Institutional Role and Influence
Beyond her published work, Copjec has played a major institutional role in the development of Lacanian theory in the United States. Through the Center for the Study of Psychoanalysis and Culture at SUNY Buffalo and through Umbr(a), she helped establish an intellectual infrastructure for psychoanalytic scholarship resistant to theoretical dilution.
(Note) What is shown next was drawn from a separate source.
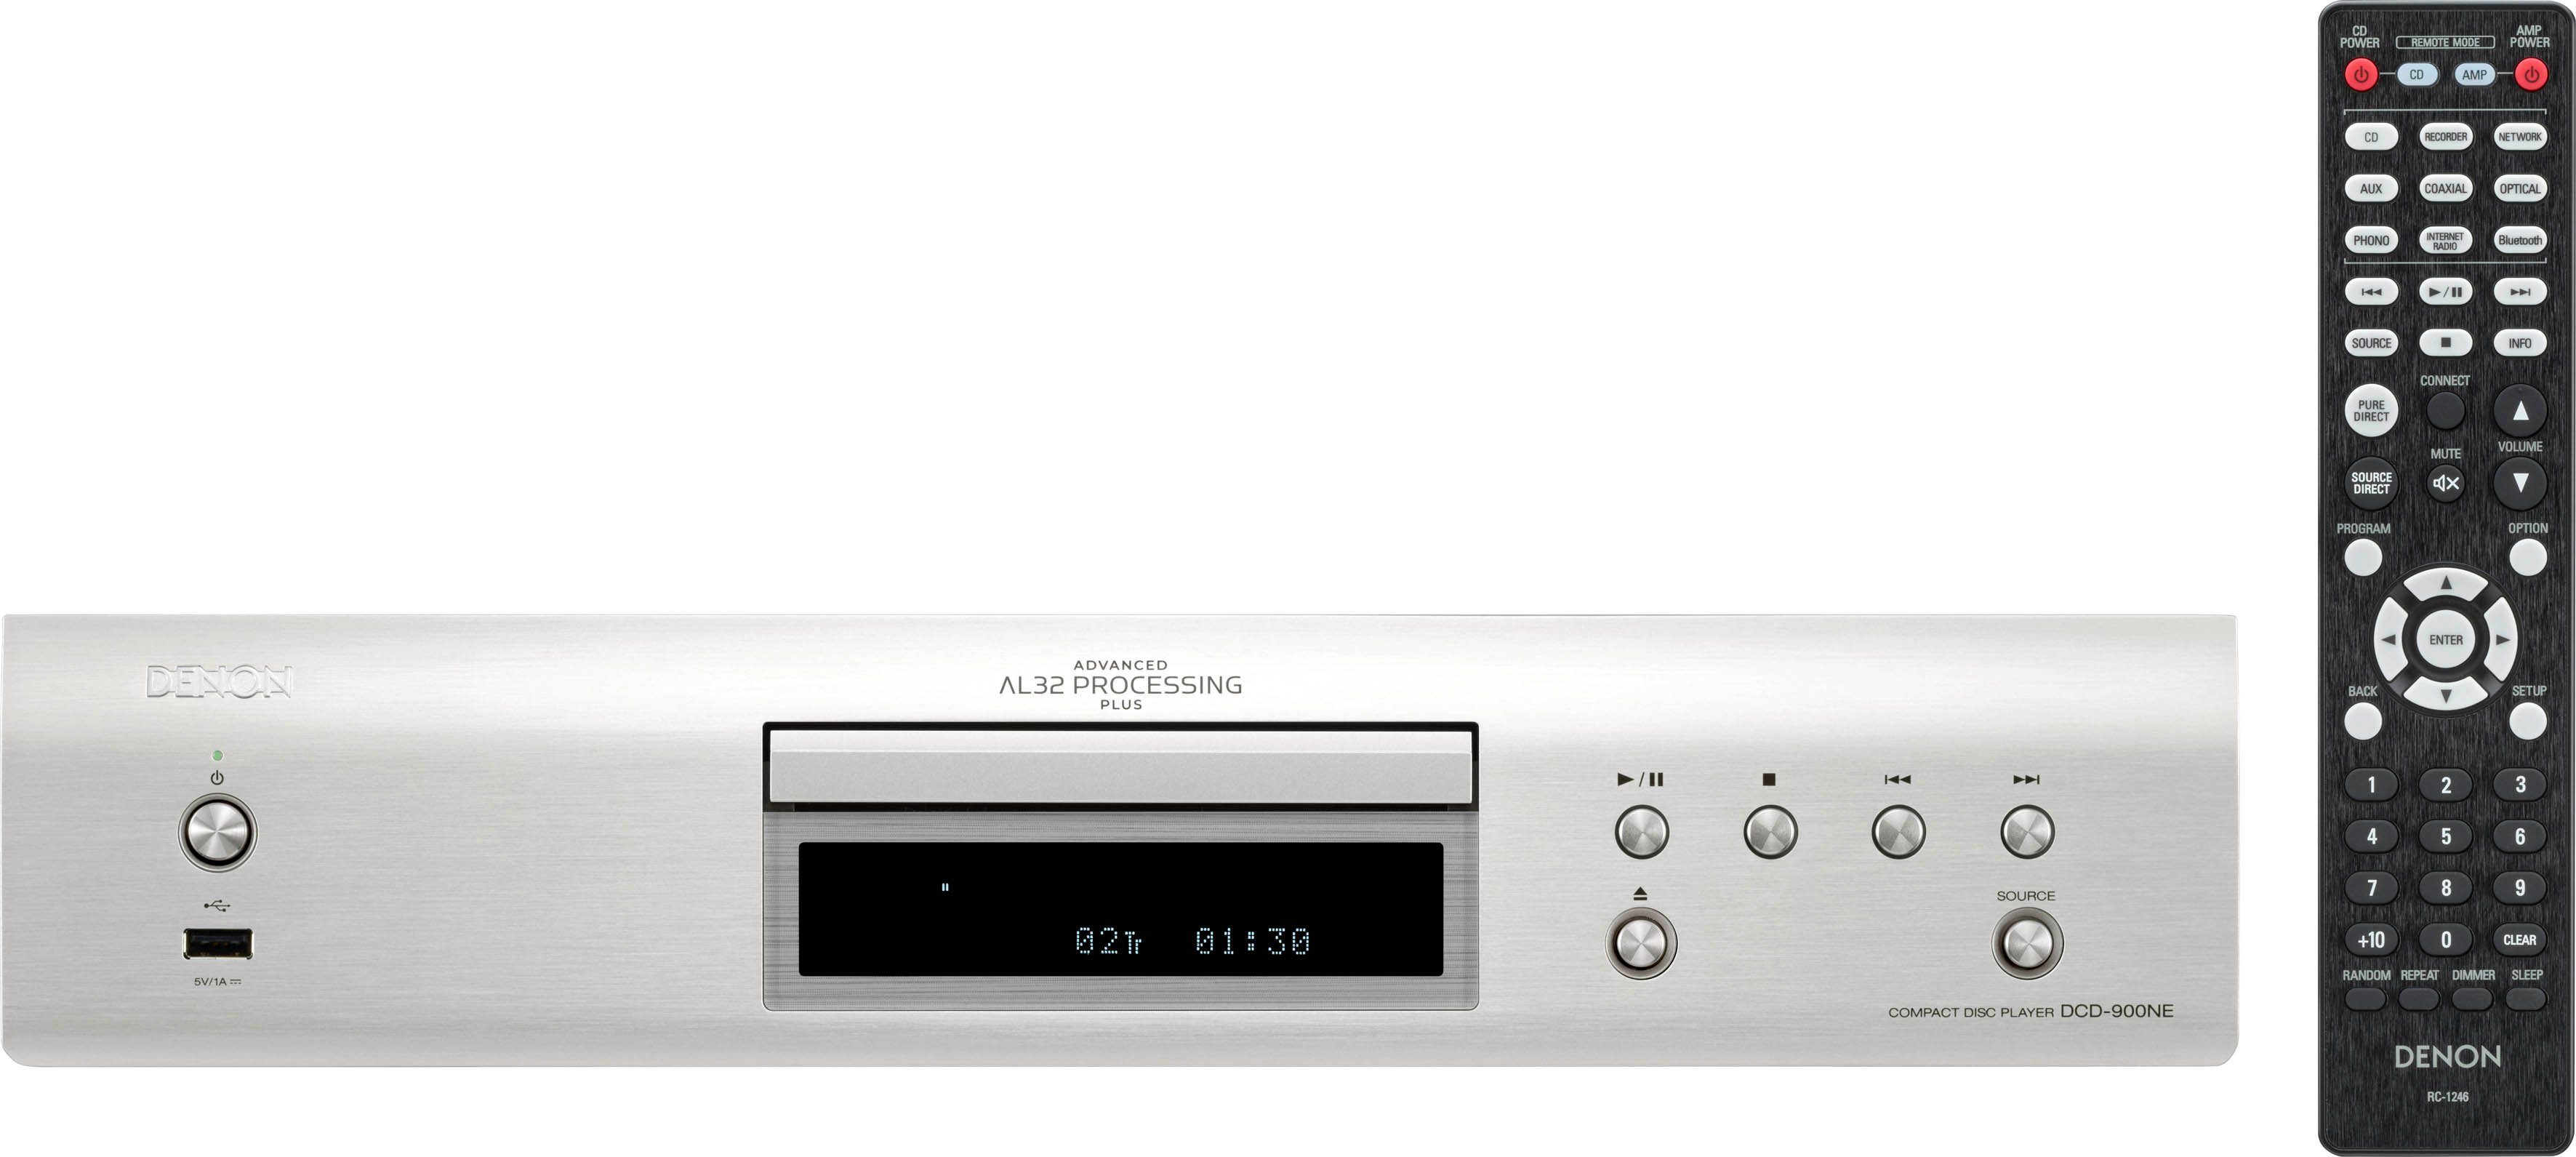 (USB-Audiowiedergabe) CD-Player DCD-900NE Denon silber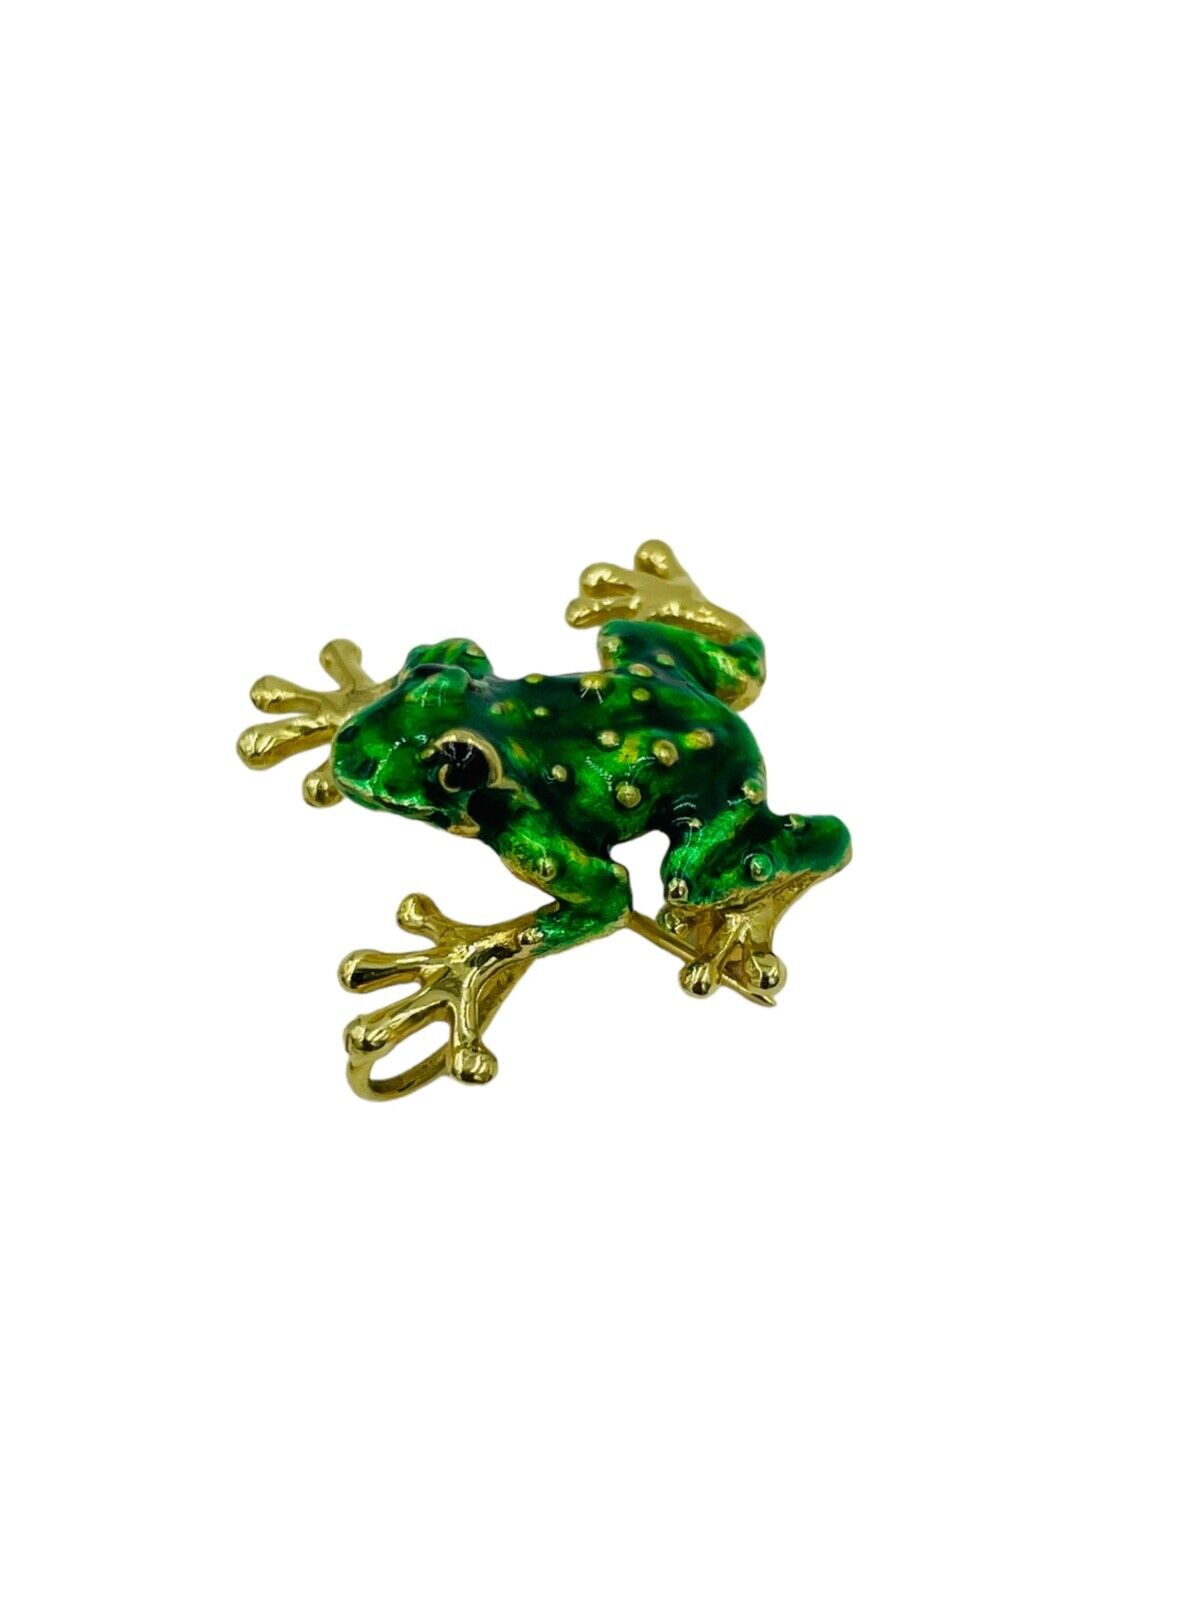 Vintage Green Frog Brooch Pin  Pendant  14K Yellow Gold Enamel

Her influence extends to a wide range of contemporary theorists. Todd McGowan has described her work as one of the most serious challenges to historicist theory and a crucial resource for rethinking ethics and subjectivity.[4]
Selected Bibliography
- Copjec, Joan. Read My Desire: Lacan Against the Historicists. MIT Press, 1994.[1]
- Copjec, Joan (ed.). Supposing the Subject. Verso, 1994.
- Copjec, Joan. Imagine There’s No Woman: Ethics and Sublimation. MIT Press, 2002.[2]
- Copjec, Joan. Clouds. Open Humanities Press, 2018.
- Copjec, Joan. “The Orthopsychic Subject: Film Theory and the Reception of Lacan.” October 49 (1989).[3]
Legacy
Joan Copjec’s legacy lies in her uncompromising defense of psychoanalysis as a theory of the divided subject and the Real. By resisting the reduction of desire to history, identity, or discourse, she has preserved a space for ethics grounded in lack rather than normativity. Her work remains a foundational reference for scholars seeking to sustain the Freudo-Lacanian tradition within contemporary theory.
== References ==
- ↑ 1.0 1.1 1.2 1.3 Joan Copjec, Read My Desire: Lacan Against the Historicists (Cambridge, MA: MIT Press, 1994), pp. 1–3.
- ↑ 2.0 2.1 2.2 2.3 Joan Copjec, Imagine There’s No Woman: Ethics and Sublimation (Cambridge, MA: MIT Press, 2002), pp. 5–7.
- ↑ 3.0 3.1 Joan Copjec, “The Orthopsychic Subject: Film Theory and the Reception of Lacan,” October 49 (1989): 53–71.
- ↑ Todd McGowan, Only a Joke Can Save Us: A Theory of Comedy (Evanston, IL: Northwestern University Press, 2017), p. 18.